*** Opening Given material ***

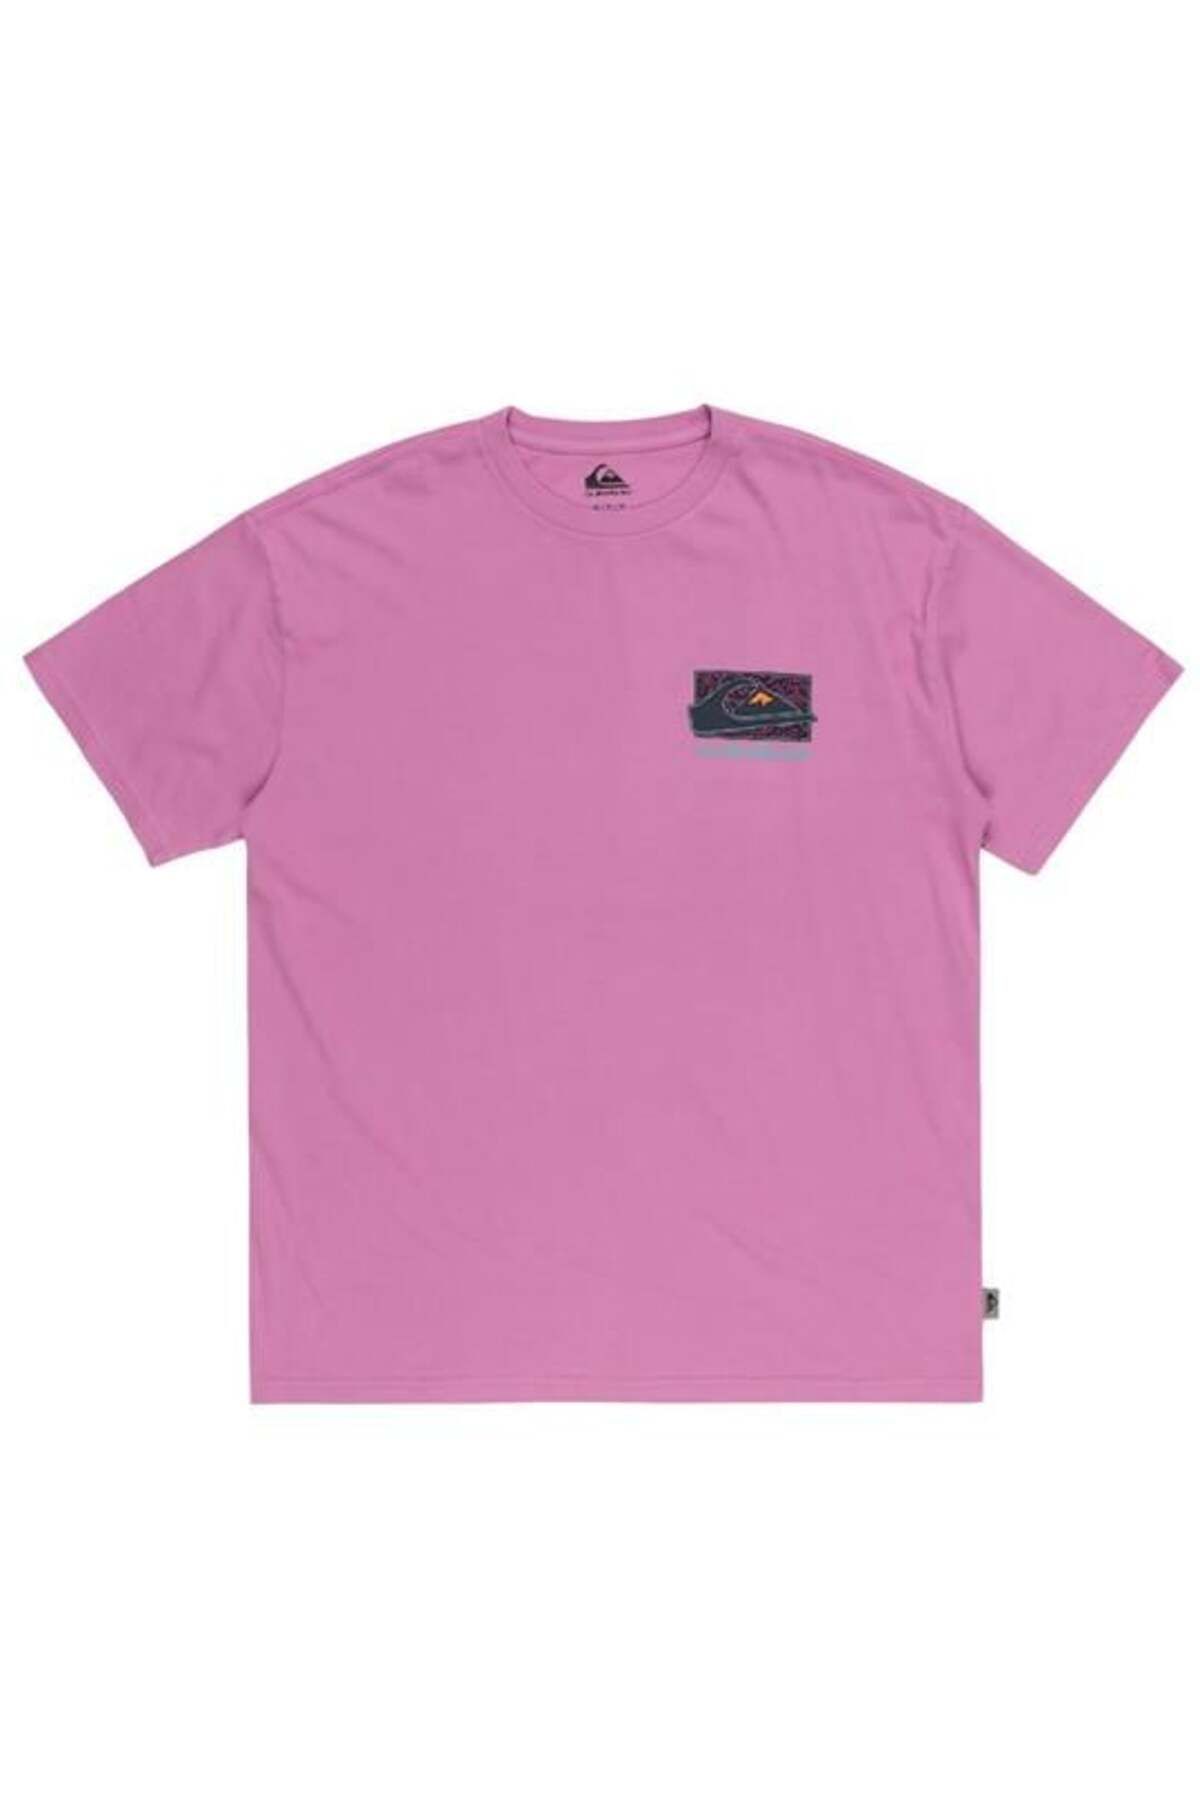 Quiksilver SPIN CYCLE SS ERKEK T-SHIRT VIOLET-PMP0-
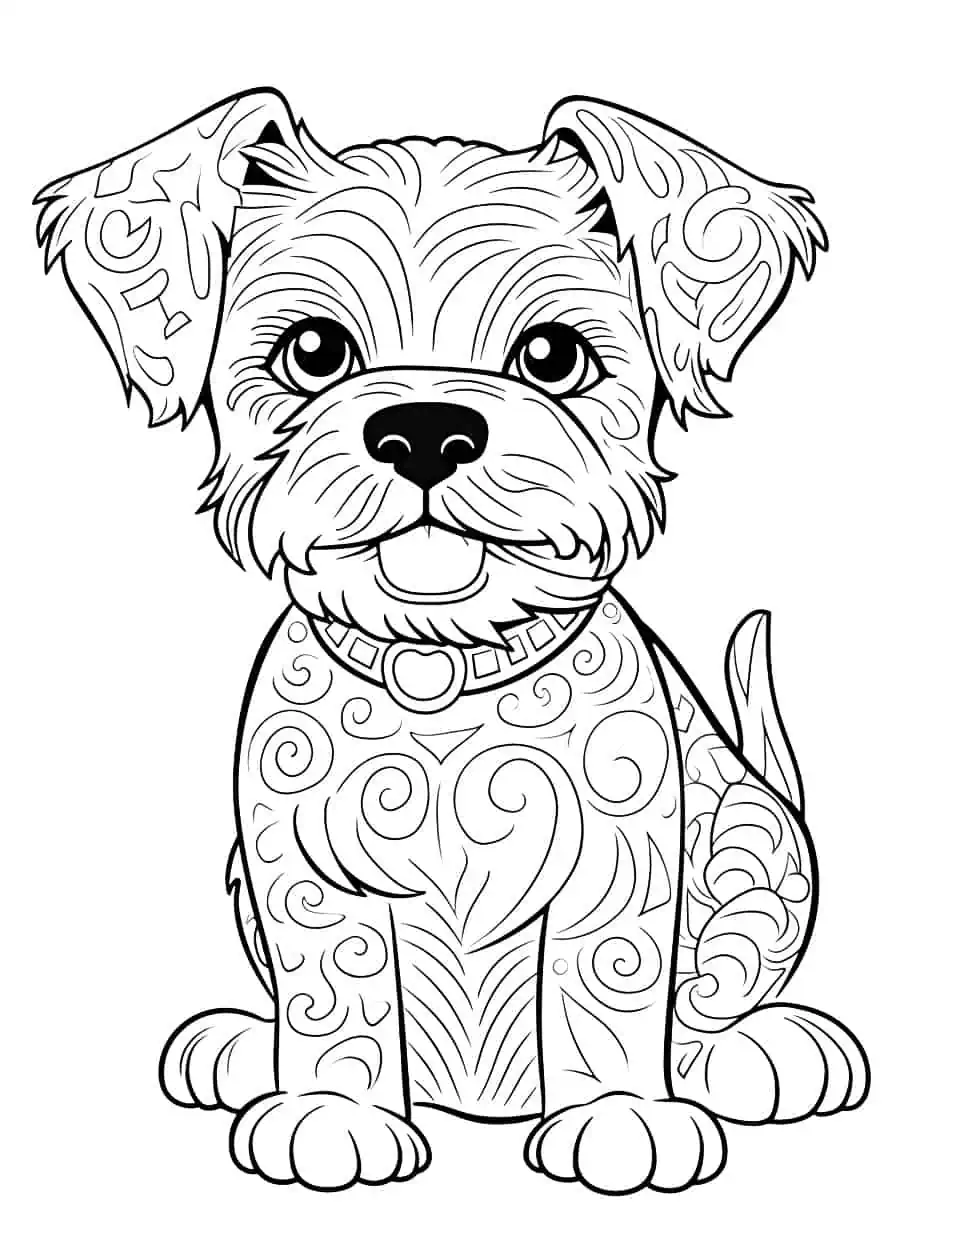 Mandala and Yorkie Mix Coloring Page - A sophisticated Yorkie with a complex mandala design in the background.
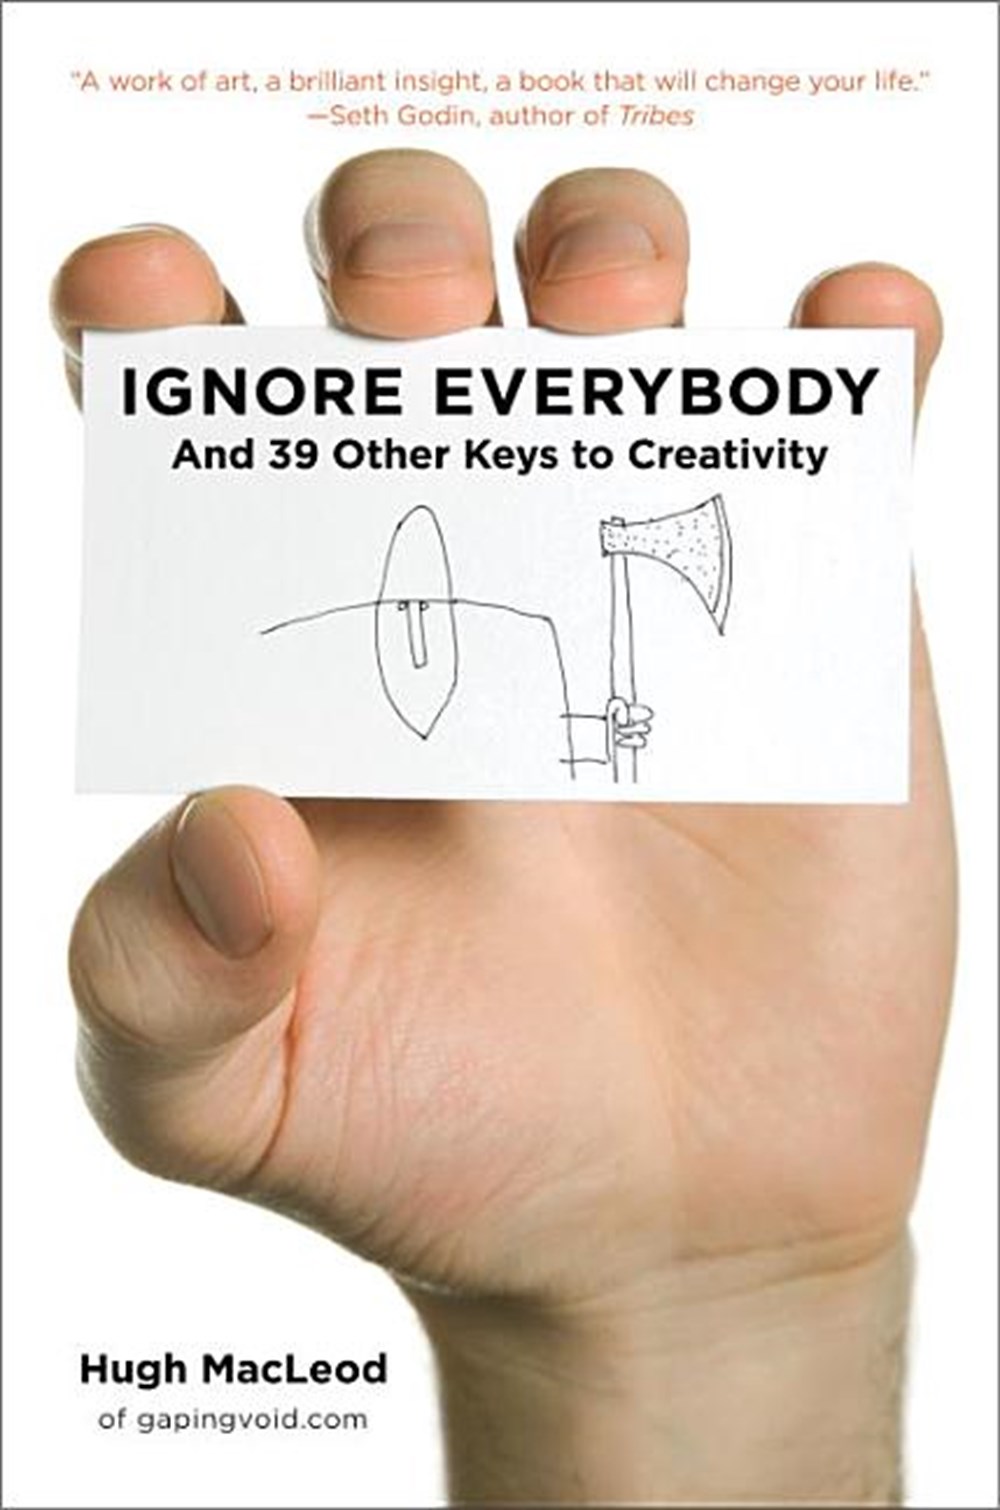 Ignore Everybody And 39 Other Keys to Creativity

*** Closing Given material ***

What the task requires:
Print the data above exactly, minus pictures.

Answer for the task:
 Quiksilver SPIN CYCLE SS ERKEK T-SHIRT VIOLET-PMP0-
 Mandala and Yorkie Mix Coloring Page - A sophisticated Yorkie with a complex mandala design in the background.
 Ignore Everybody And 39 Other Keys to Creativity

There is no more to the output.